- Born: October 26, 1898 Wellsford, Kansas
- Died: April 3, 1975 (aged 76) Northridge, Los Angeles, California
- Citizenship: United States
- Known for: Founder of Stearman Aircraft Corporation
- Children: William L. Stearman, Marylin Carr

= Lloyd Stearman =

American aviator, aircraft designer and entrepreneur (1898–1975)

Lloyd Carlton Stearman (October 26, 1898 - April 3, 1975) was an American aviator, aircraft designer, and early aviation entrepreneur.

==Biography==
Stearman was born in Wellsford, Kansas. From 1917 - 1918, he attended Kansas State College (later renamed Kansas State University) in Manhattan, Kansas, where he studied engineering and architecture. In 1918, he left school to enlist in the U.S. Naval Reserve in San Diego, California; while there he learned to fly Curtiss N-9 seaplanes.

During the mid-1920s Matty Laird, designer of the Laird Swallow aircraft, hired Stearman as a mechanic, giving him his first exposure to fixed-wing aircraft manufacturing. In 1925, Stearman and Walter Beech teamed up with Clyde Cessna to form the Travel Air Manufacturing Company. In 1926, Stearman left to form his own manufacturing company in California, Stearman Aircraft. In 1927, he moved the company back to Wichita.

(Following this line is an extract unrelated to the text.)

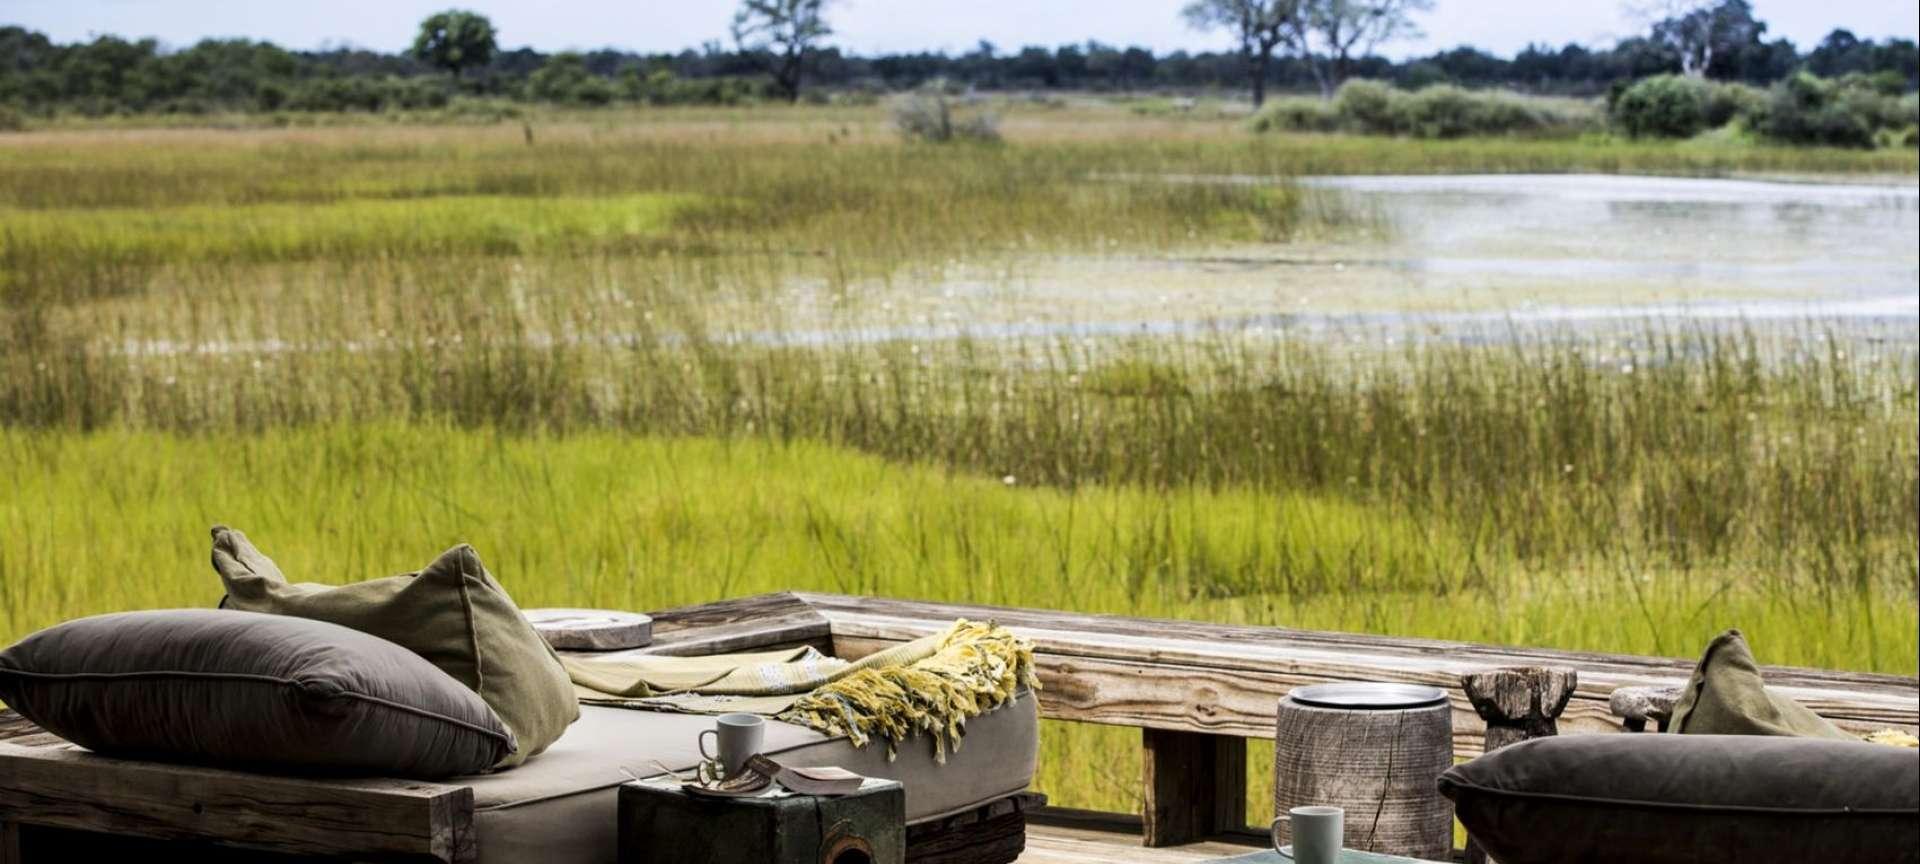 Luxury safaris in Botswana - Africa Wildlife Safaris

Following World War II, many Stearman PT-13 primary trainers were converted to agricultural aircraft; In 1948 more than 4,345 Stearman aircraft were used in agricultural flying.

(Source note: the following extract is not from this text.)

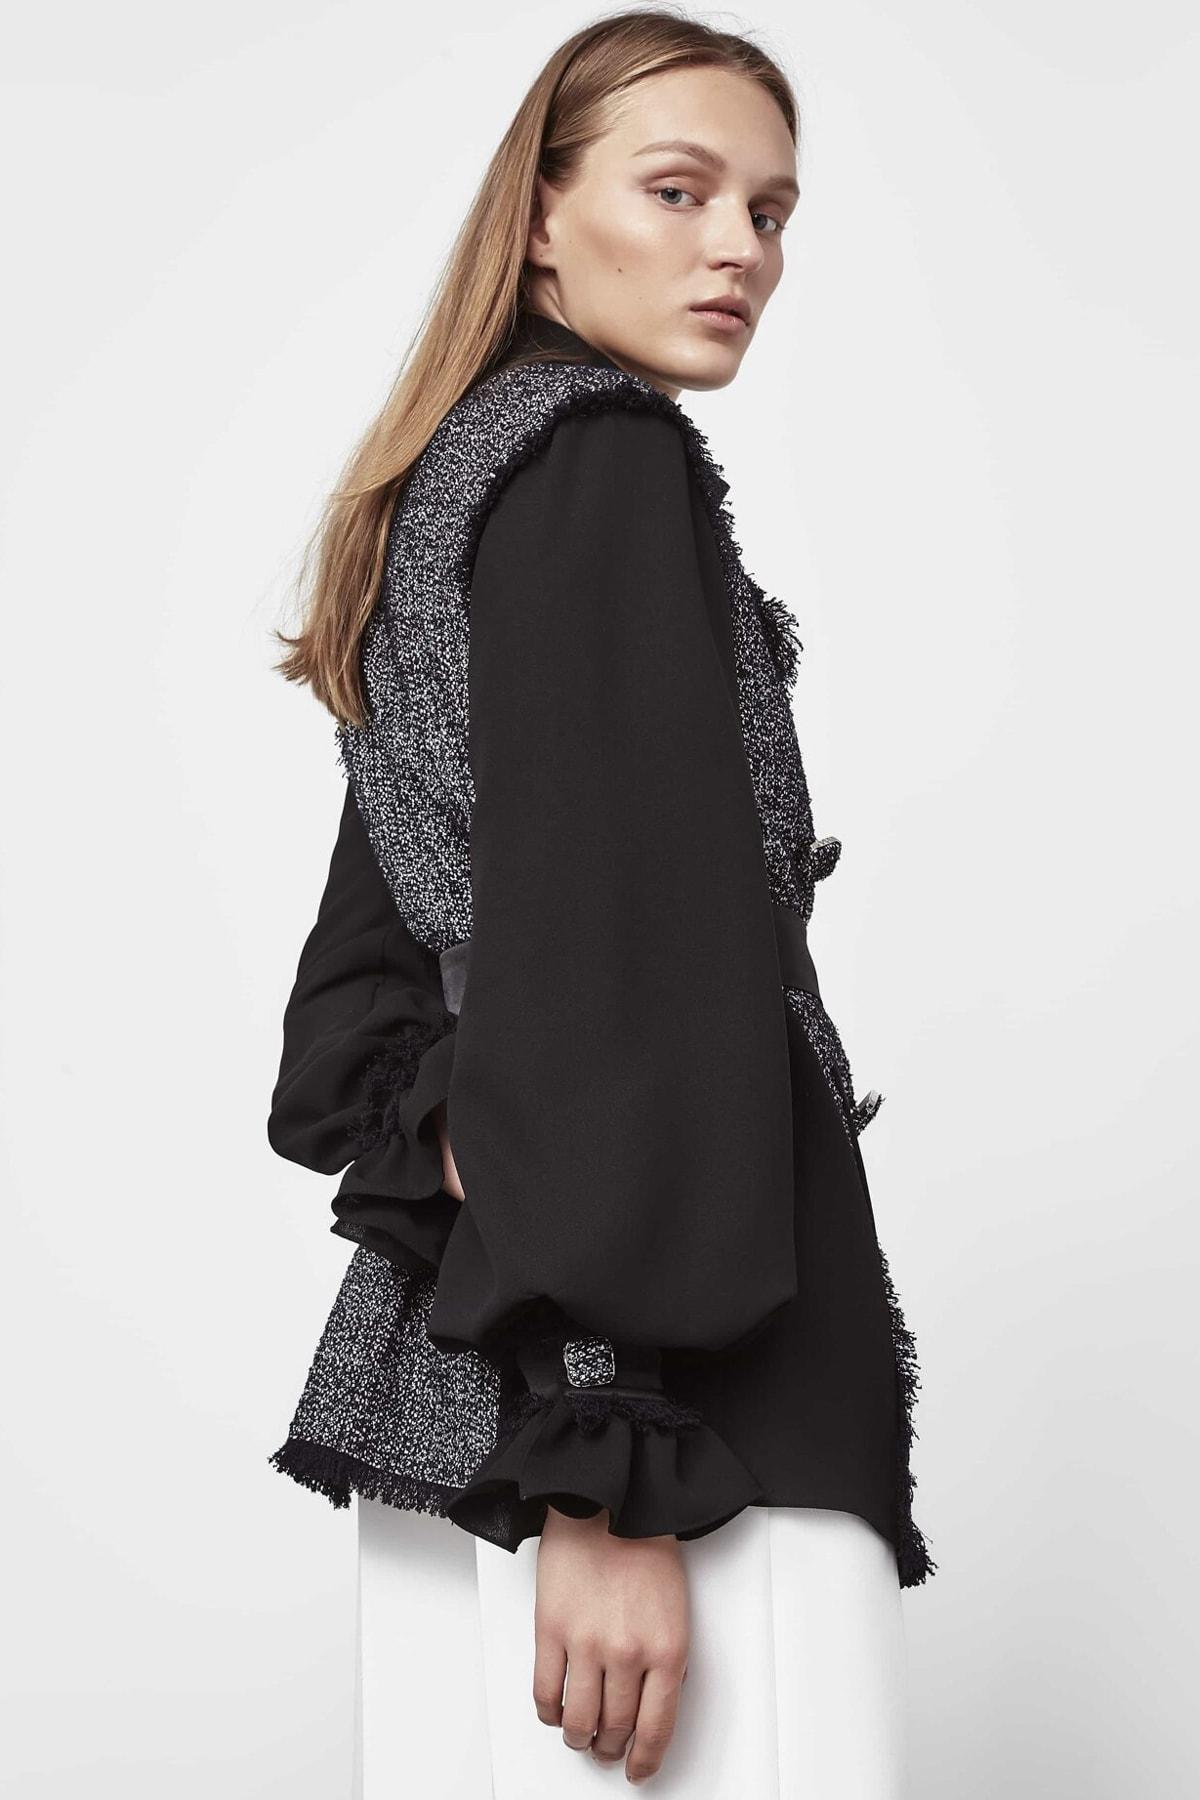 İpekyol Kadın Siyah Tüvit Mixli Ceket IW6190005188001 2

In 1929, Stearman Aircraft merged with Boeing Airplane Co., Boeing Aircraft of Canada, Varney Airlines, National Air Transport, Pacific Air Transport, Boeing Air Transport, Hamilton Standard Propeller, Sikorsky, Pratt & Whitney, Chance Vought, Northrop and United Airports of Connecticut to become United Aircraft and Transport Corporation, owned by William Boeing. Stearman held the position of President of the Stearman Division until 1930, followed by his resignation in 1931.

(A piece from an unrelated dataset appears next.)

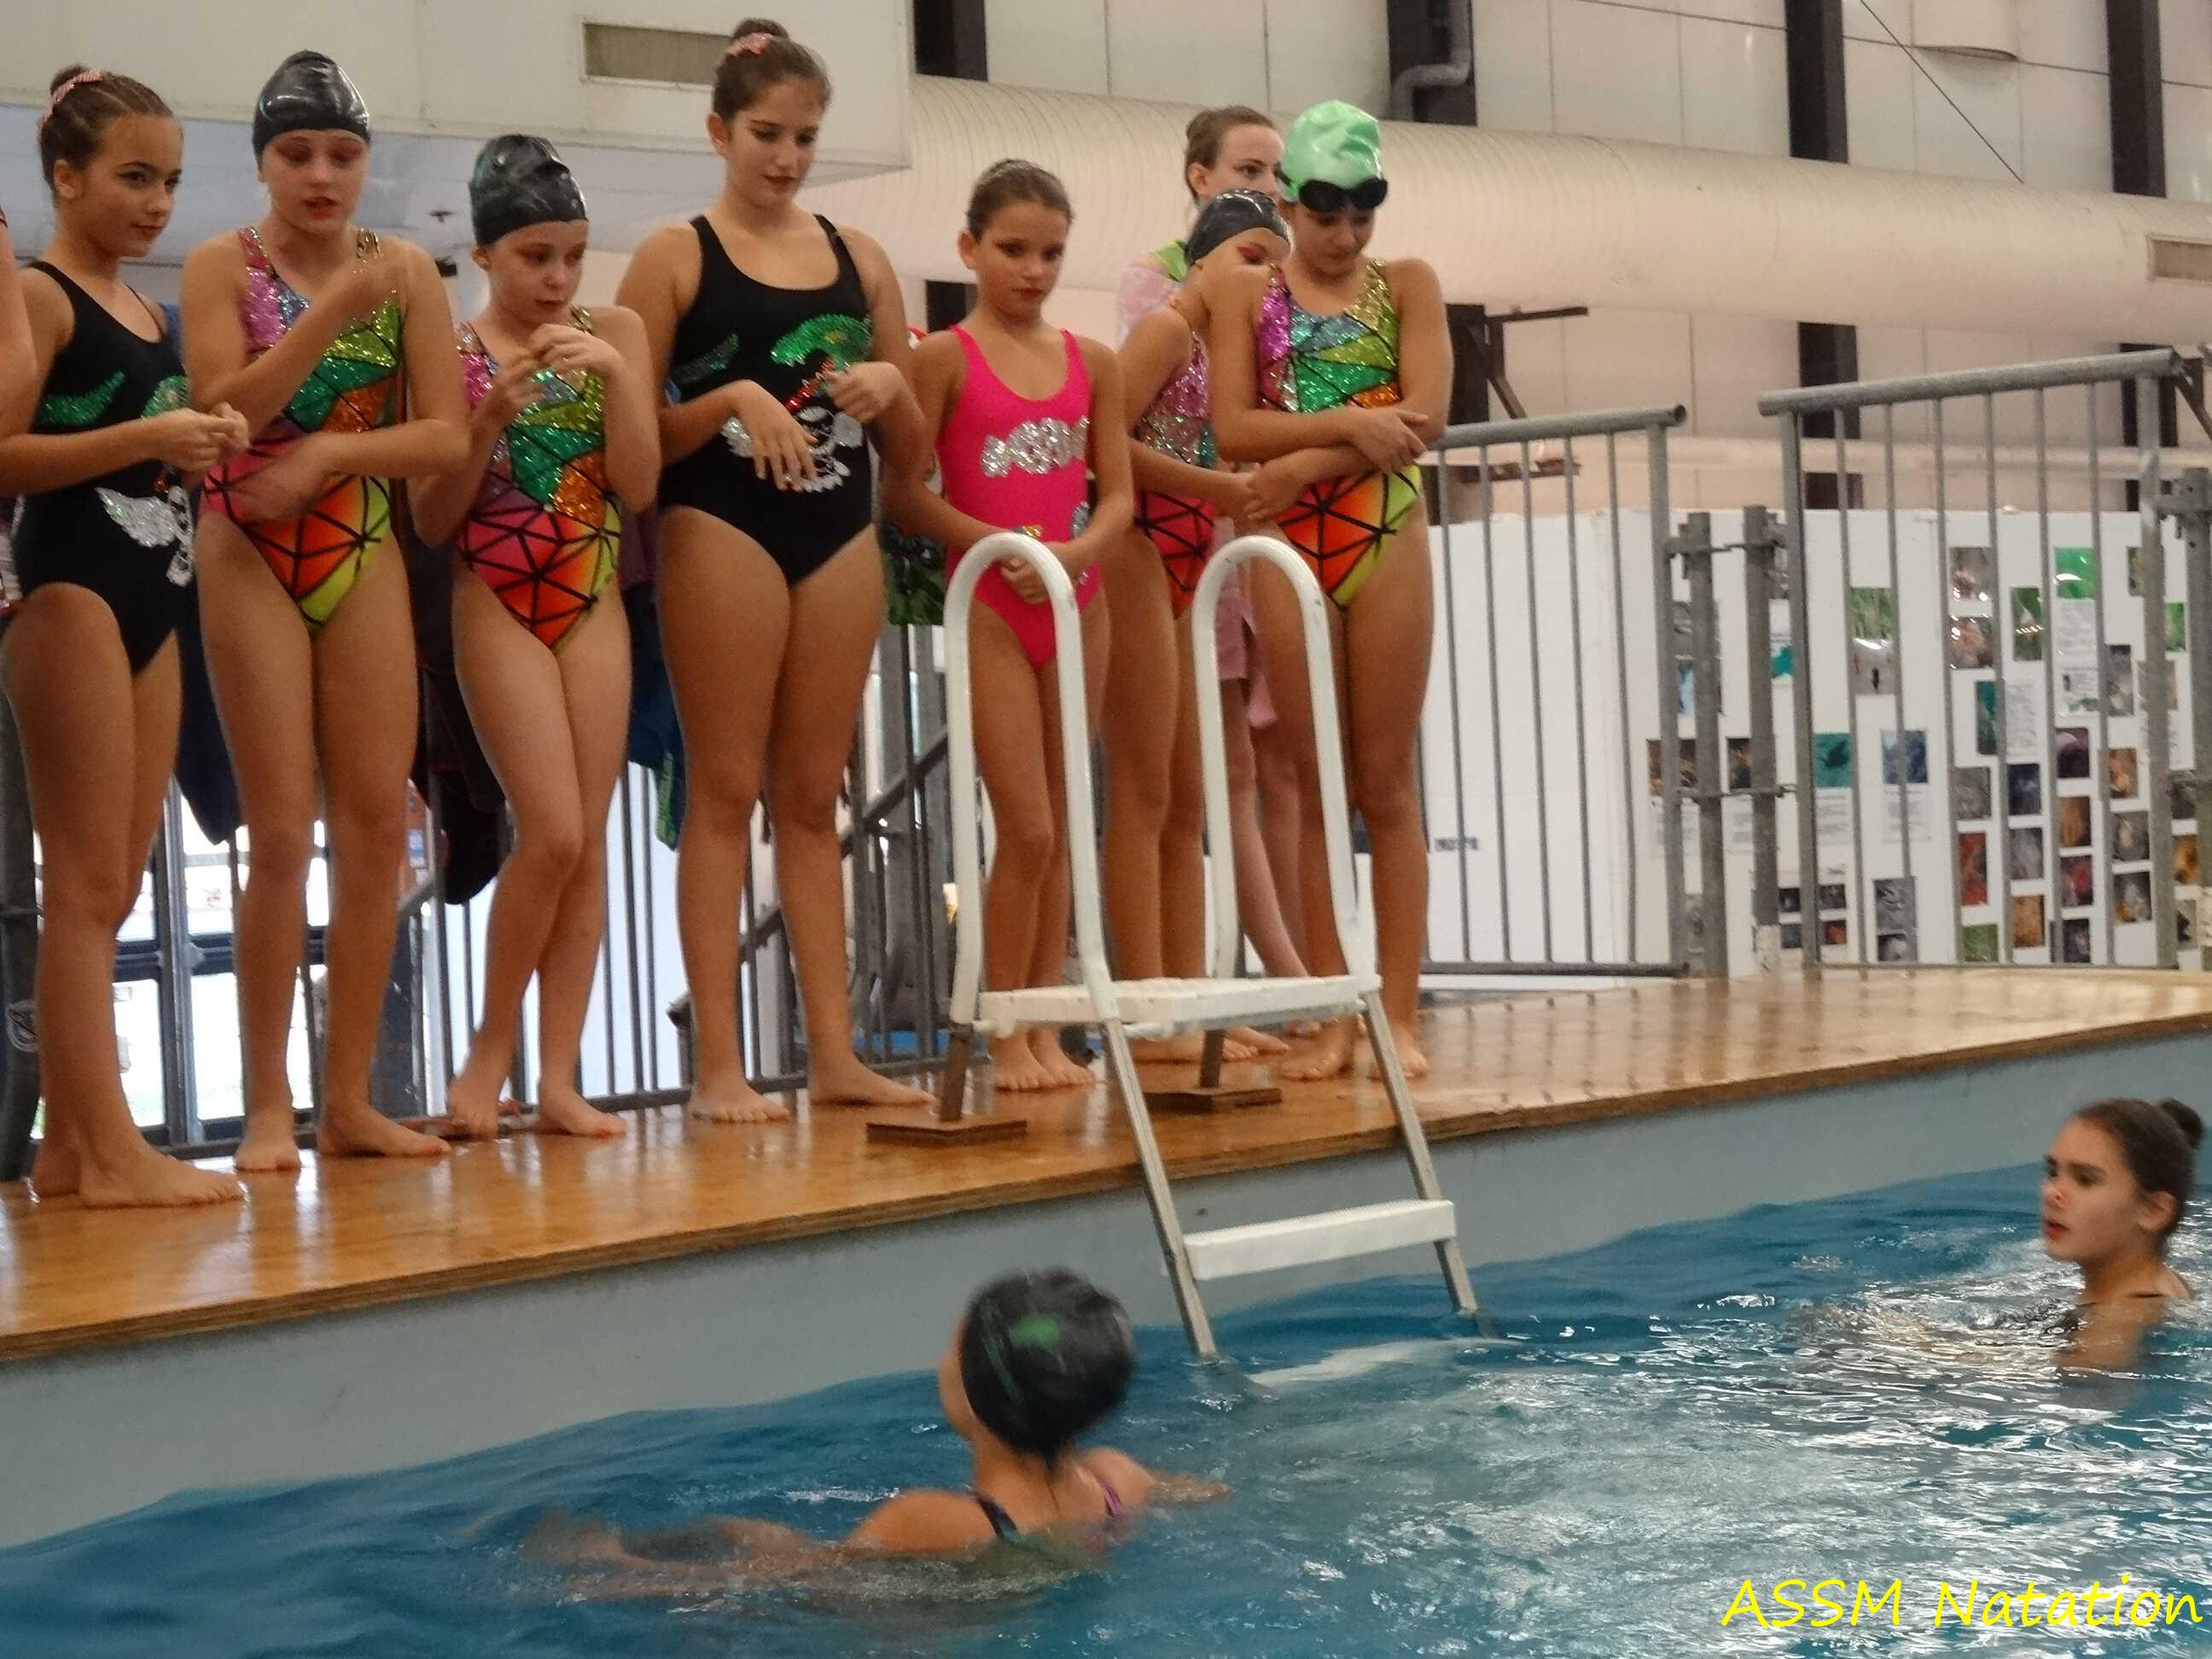 salon-vivons-sports_20161113_8

In 1932, Stearman, Robert Gross, Walter Varney and others, bought Lockheed Aircraft Company. Stearman was named president and Carl B. Squier vice president.

In 1935, Stearman resigned from Lockheed, and from 1936 through 1938, partnered with Dean Hammond to form the Stearman-Hammond Aircraft Corporation to produce the Stearman-Hammond Y-1. In 1955, Stearman rejoined Lockheed as an engineer, where he retired in 1968.

Stearman died of cancer on April 3, 1975, at home in Northridge, Los Angeles.

==Legacy==
In recognition of his contributions to the aircraft industry, Lloyd Stearman was inducted into the National Aviation Hall of Fame in Dayton, Ohio in July 1989.